I made an attempt at approaching this as follows:
We're trying to recover the initial state $X_0$. We may collect a number of outputs $\{ Y_i \}$ and take a guess at the LSB of $X_0$. This immediately fixes the LSB of all other $X_i$ since $X_{i + 1} \equiv X_i + 1 \pmod{2}$, and thus fixes the LSB of the upper half of all $X_i$ by definition of the output function.

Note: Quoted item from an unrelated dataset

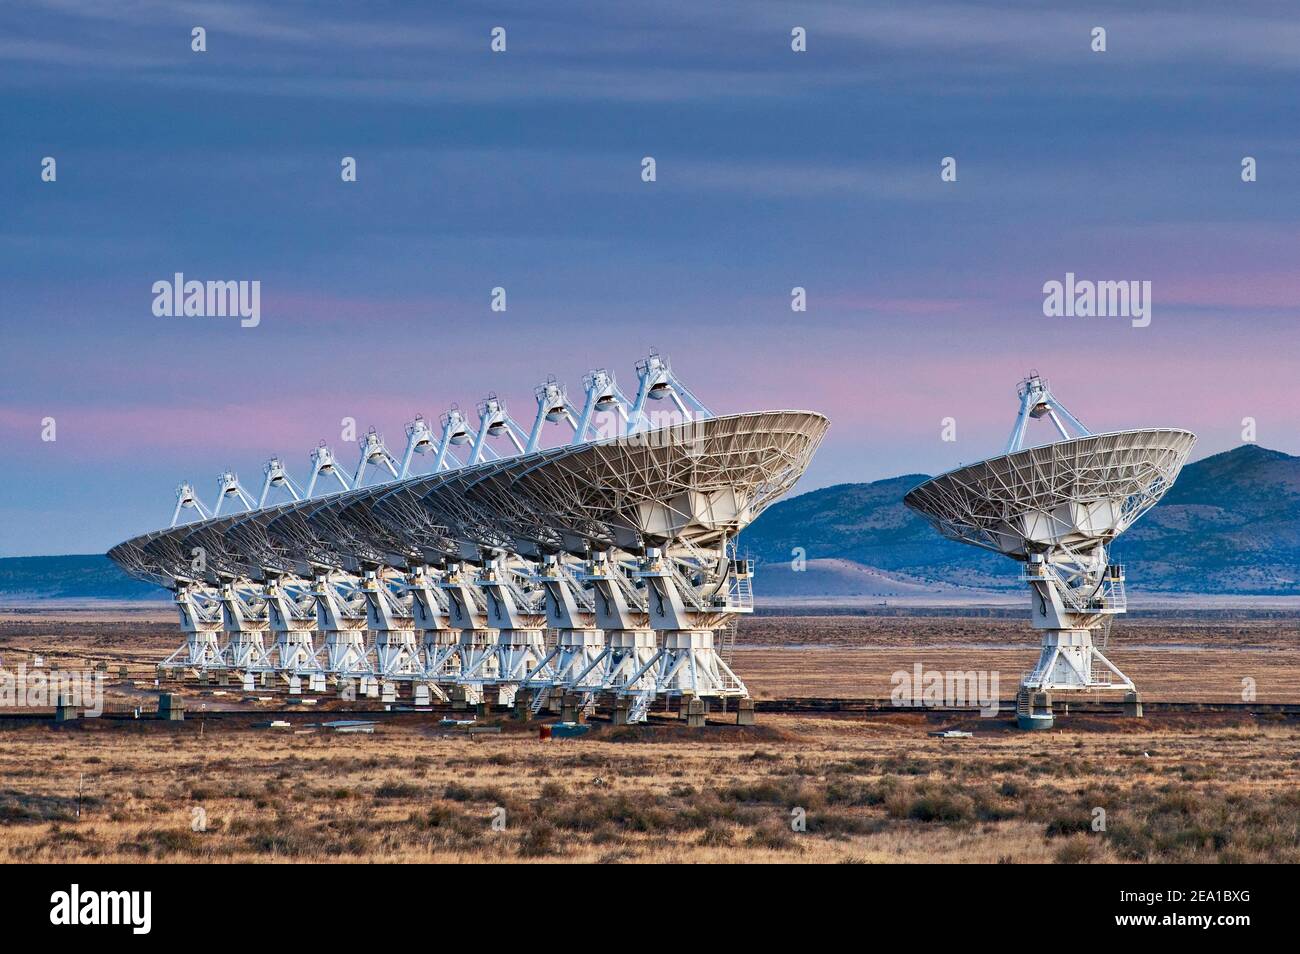 Antennen des Very Large Array Radio Telescope (VLA), einem Radioastronomik-Observatorium in der Plains of San Agustin, in der Nähe von Datil, New Mexico, USA Stockfoto

Some arithmetic shows that for all $i \geq 0$ we have
$$X_i \equiv A^i X_0 + C \sum_{k = 0}^{i - 1} A^k \equiv A^i X_0 + C_i \pmod{2^n}$$
We can now ignore every bit beyond the LSB of the upper half (T-function property) and focus on the first $n/2 + 1$ bits. If we find that there does not exist an assignment of the remaining $n/2 - 1$ bits of $X_0$ such that, for all $Y_i$ collected, $$\mathrm{MSB}[\left ( A^i X_0 + C_i \right ) \bmod{2^{n/2 + 1}}] = \mathrm{LSB} \left [ Y_i \right ] \oplus \left ( \left ( X_0 + i \right ) \bmod{2} \right ) \tag{1}$$ then we have certainly guessed incorrectly. There's probably a better way to do this but we could just check satisfiability twice, once using our guess and once with the alternative guess, adding more $Y_i$ until either system becomes unsatisfiable, and thus recover two bits of $X_0$. Rinse and repeat on the next least significant bit until all bits of $X_0$ are recovered, in principle.

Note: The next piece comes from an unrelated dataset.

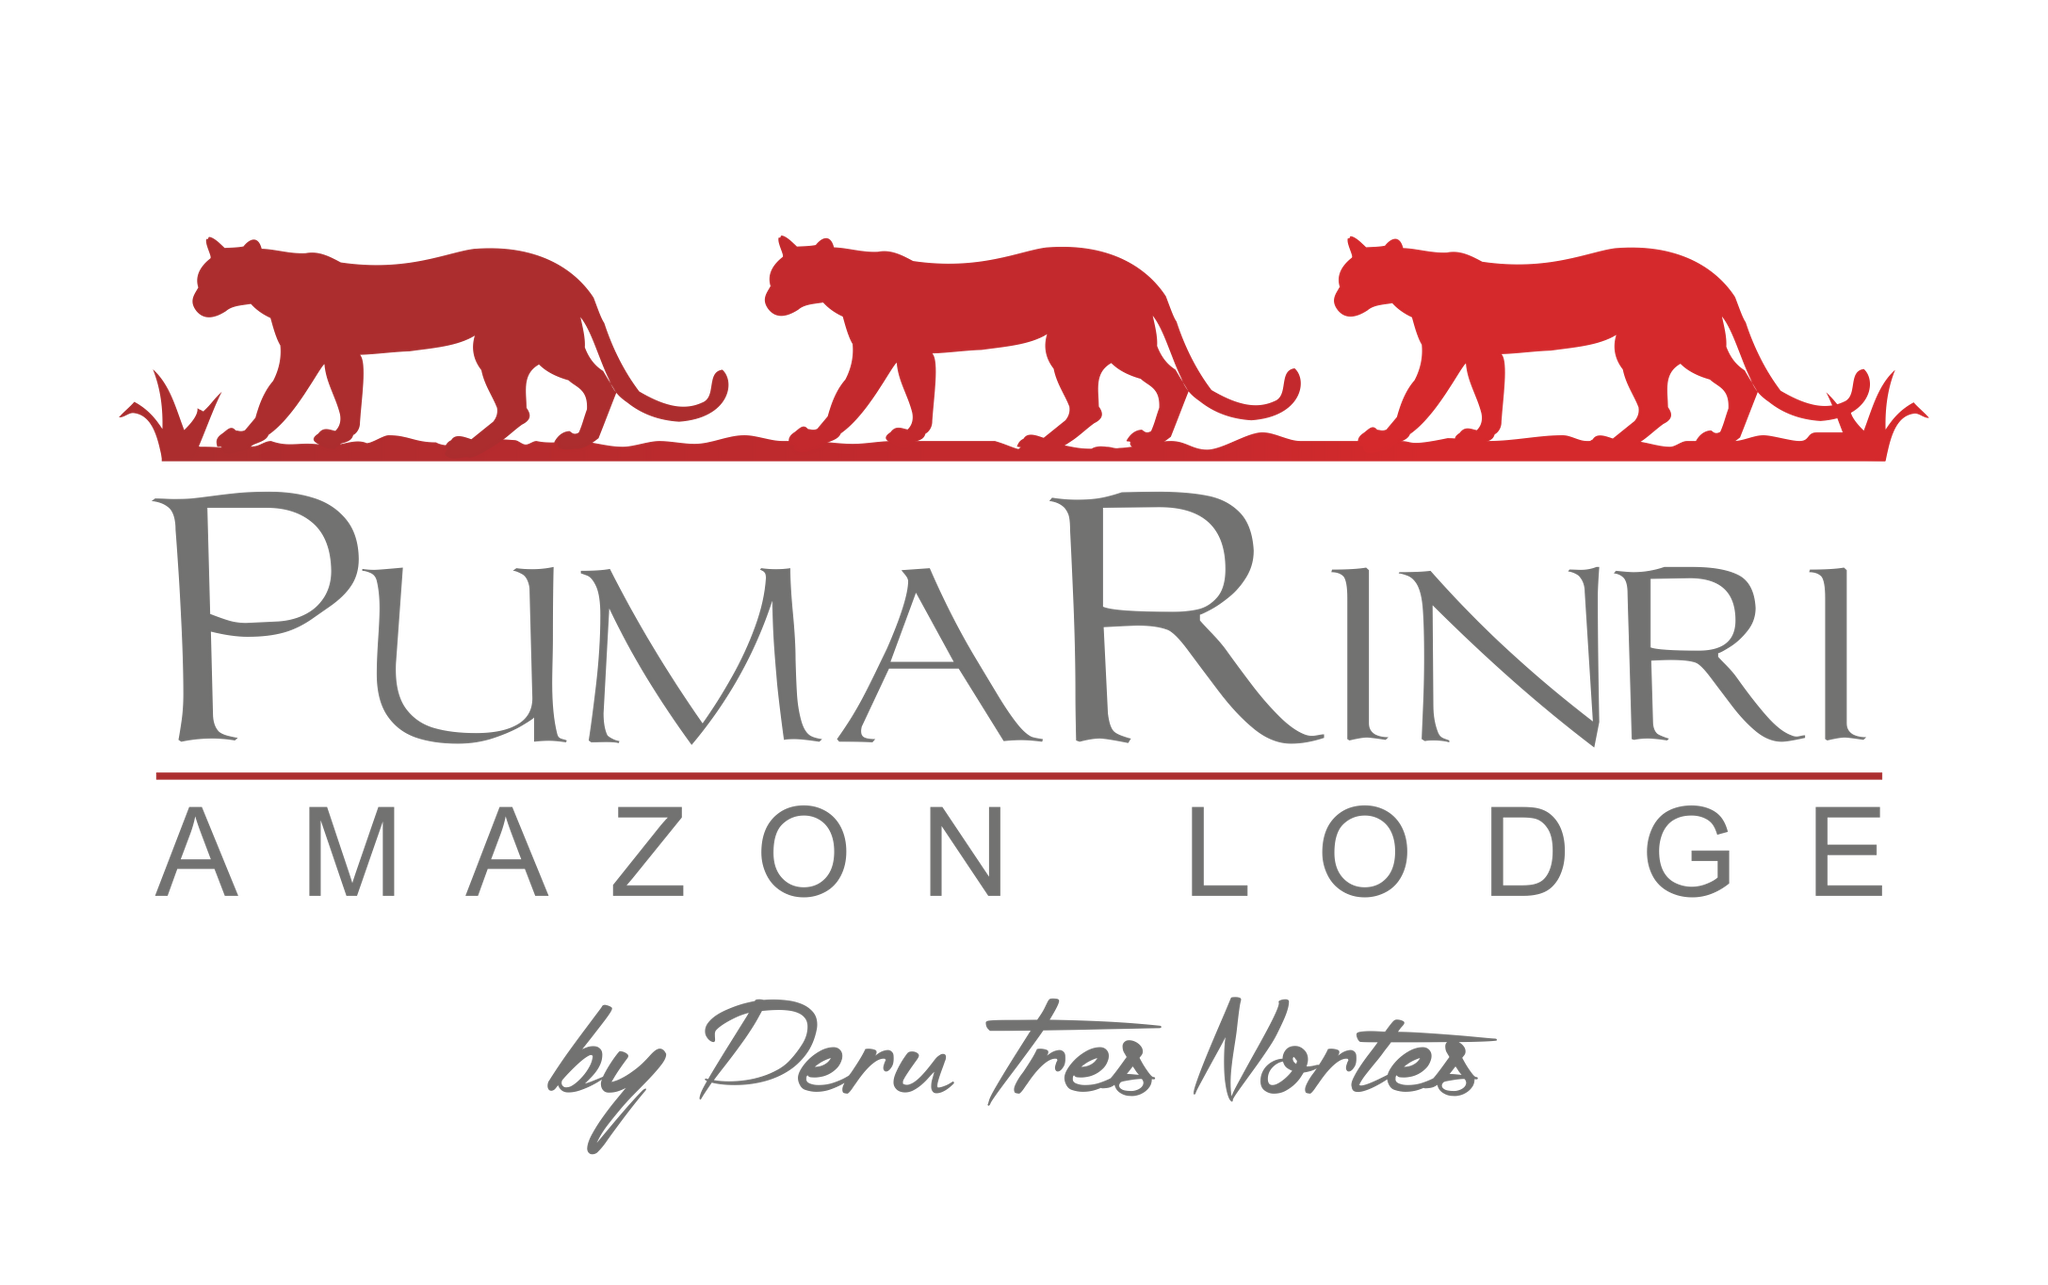 Hotel Pumarinri Amazon Lodge | Estadía doble de 2 noches con desayuno incluido

Checking for satisfiability exhaustively takes $O(2^{n/2})$ time, so if we need $m$ outputs at most recovering the state through this method in the most naive way takes time $$O((n/2) \cdot 2^{n/2} \cdot m)$$ which is much faster than brute-forcing the internal state (assuming $m$ is reasonable; I have no proof of this but I suspect that $m$ is proportional to or at least polynomial in $n$). It should be (barely) viable for $n = 64$, whereas the $n = 128$ case remains hopelessly out of reach.
Using an SMT solver as part of the algorithm (I tried Z3 and boolector) doesn't really give any speedups and is in fact slower than an exhaustive search. This makes sense intuitively because the multiplication by the different $A^i$ is highly nonlinear over bitvectors so the solver just gets bogged down expanding and processing an ever-growing, exponential number of clauses.
Can we do better? What are some ideas that could be applied here?